COLLECTED DATA:

>>>

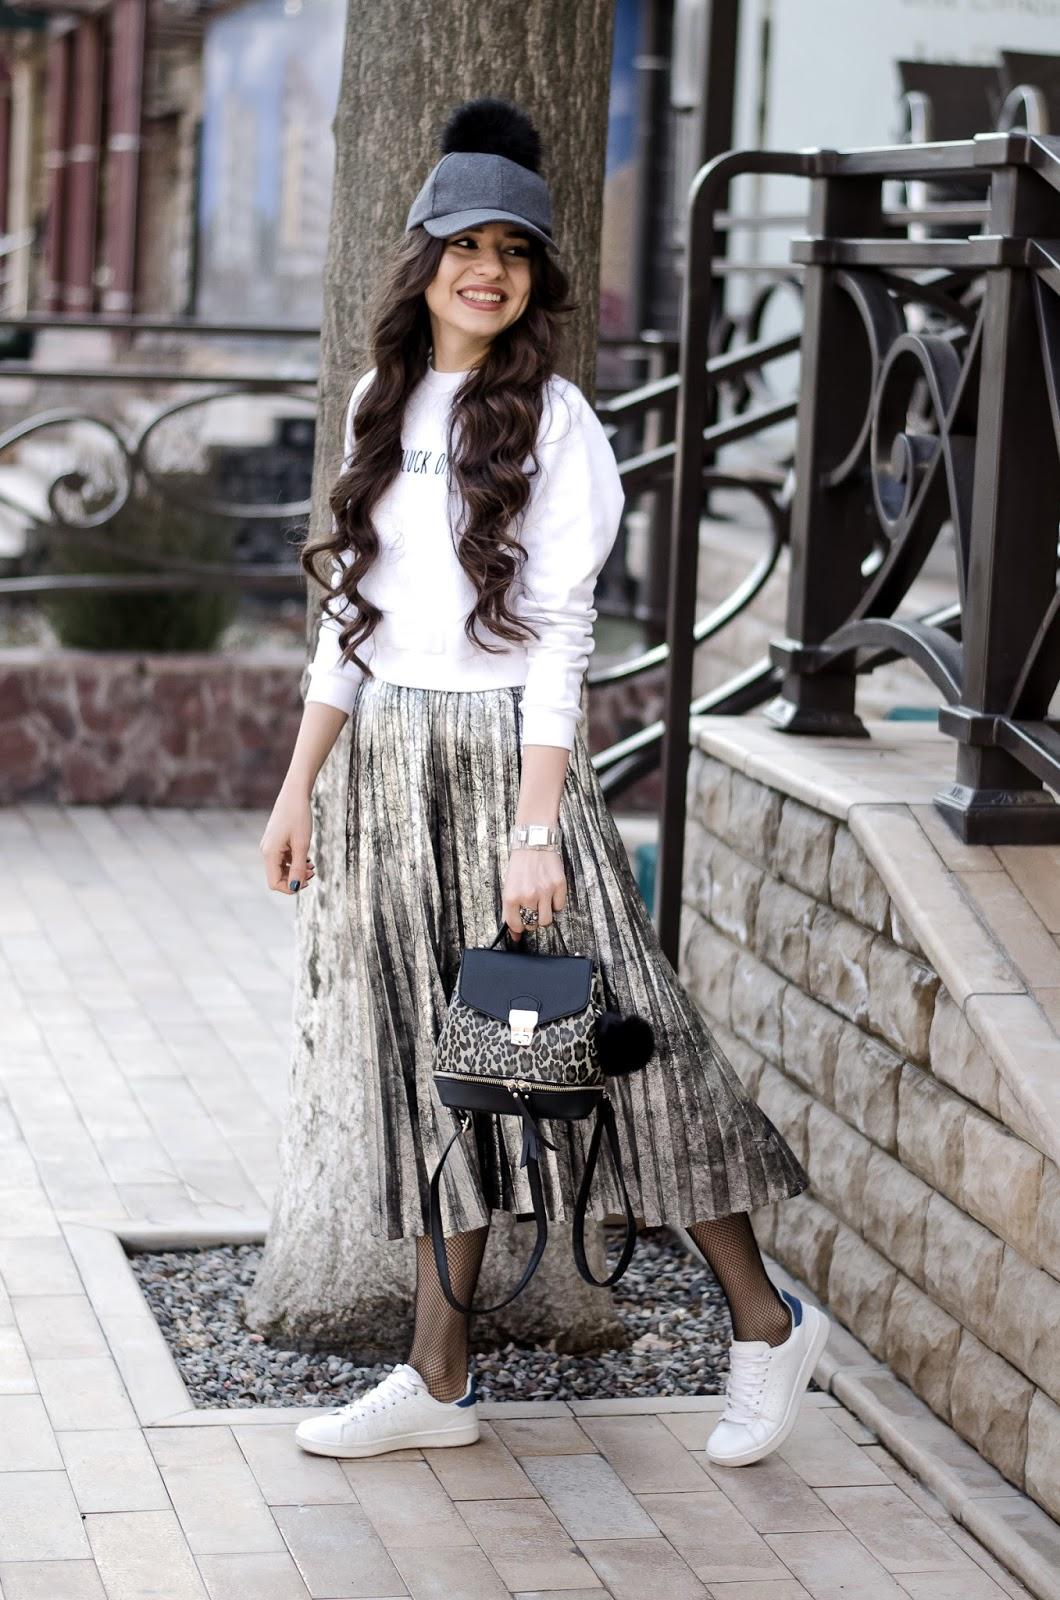 fashion-blogger-diyorasnotes-pleated-metallic-skirt-romwe-sweatshirt-asos-white-sneakers
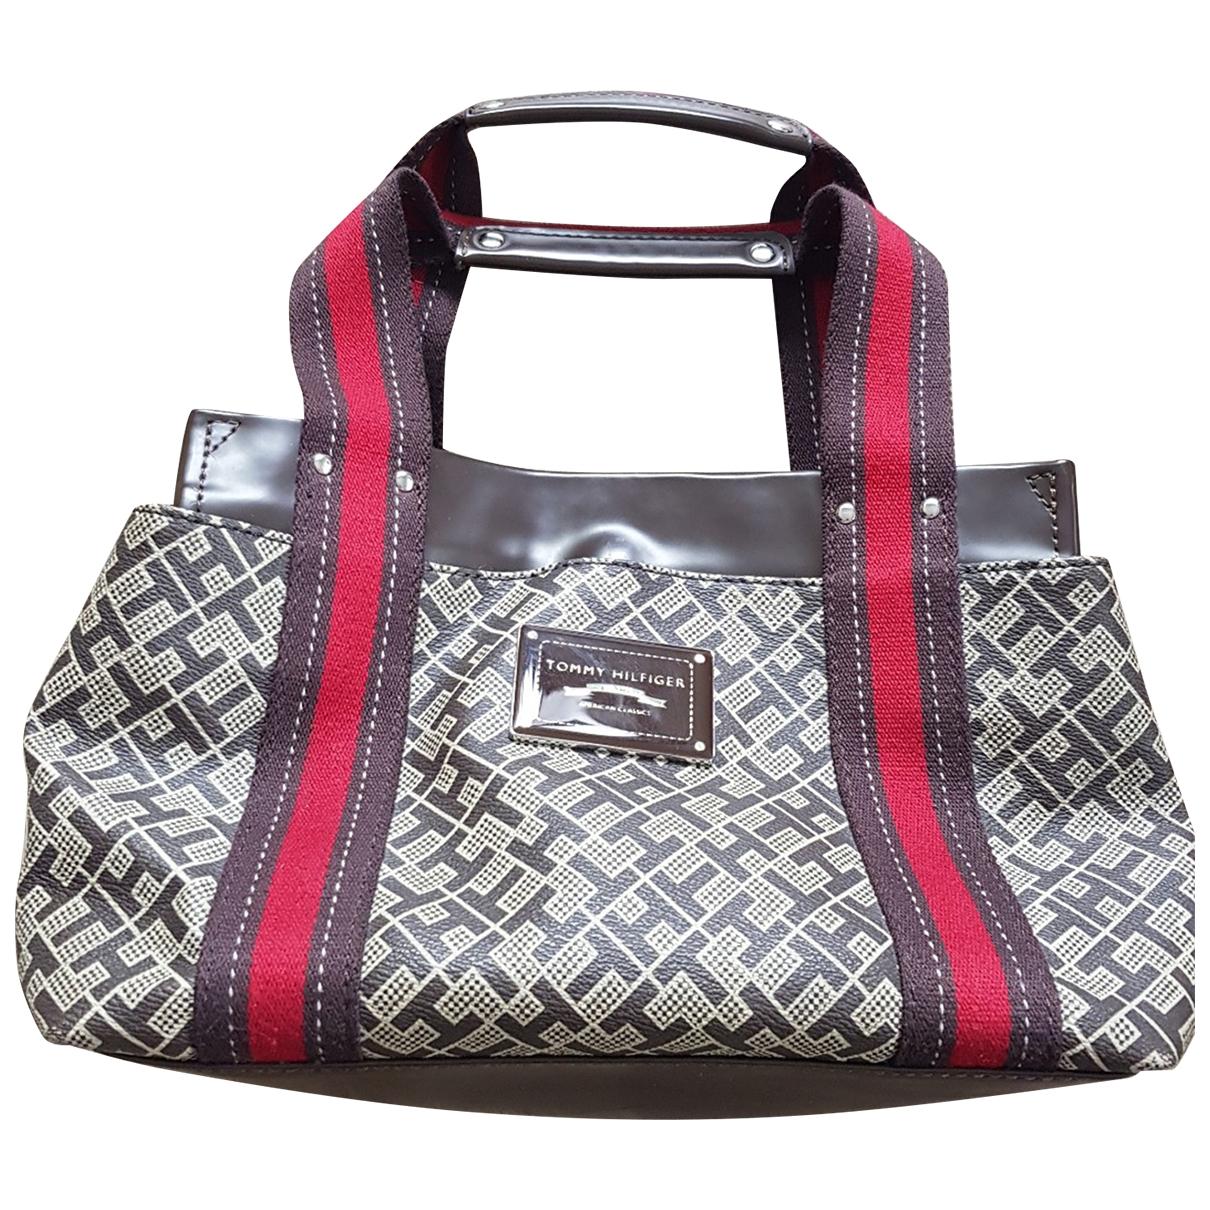 Tommy Hilfiger \N Brown handbag for Women \N
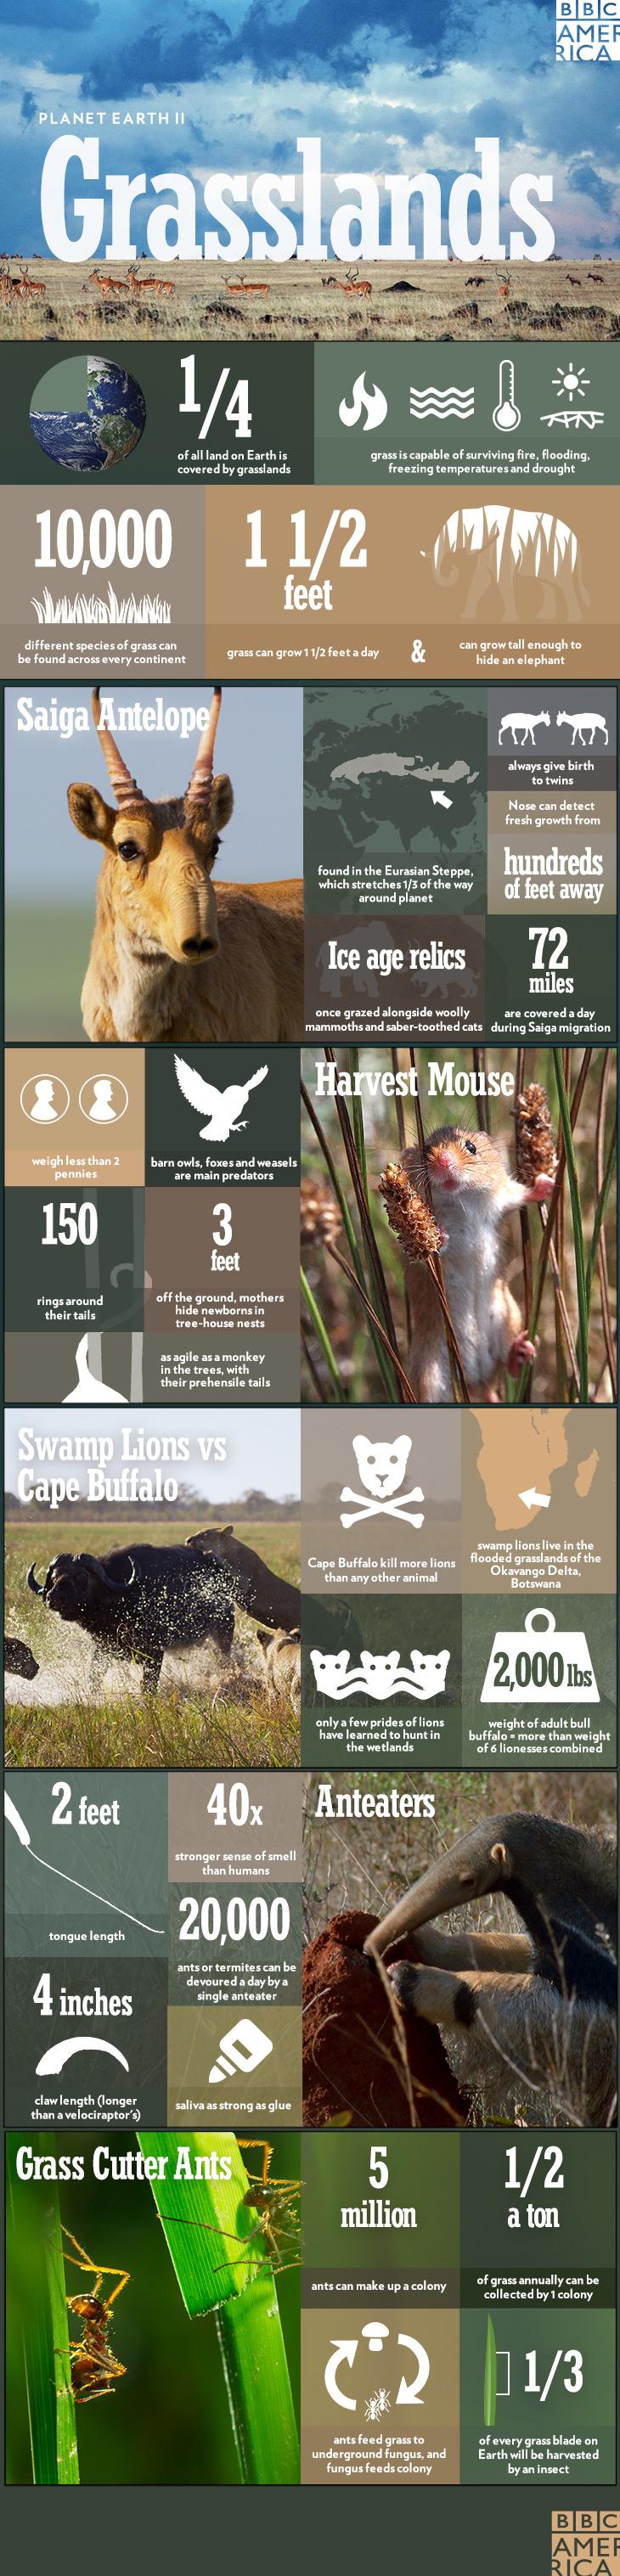 PEII_infographic_grasslands_1

<<<

WORK TASK:
Only the pictures are to be left out; write out all the other data exactly.

EXERCISE SOLUTION:
 fashion-blogger-diyorasnotes-pleated-metallic-skirt-romwe-sweatshirt-asos-white-sneakers
 Tommy Hilfiger \N Brown handbag for Women \N
 PEII_infographic_grasslands_1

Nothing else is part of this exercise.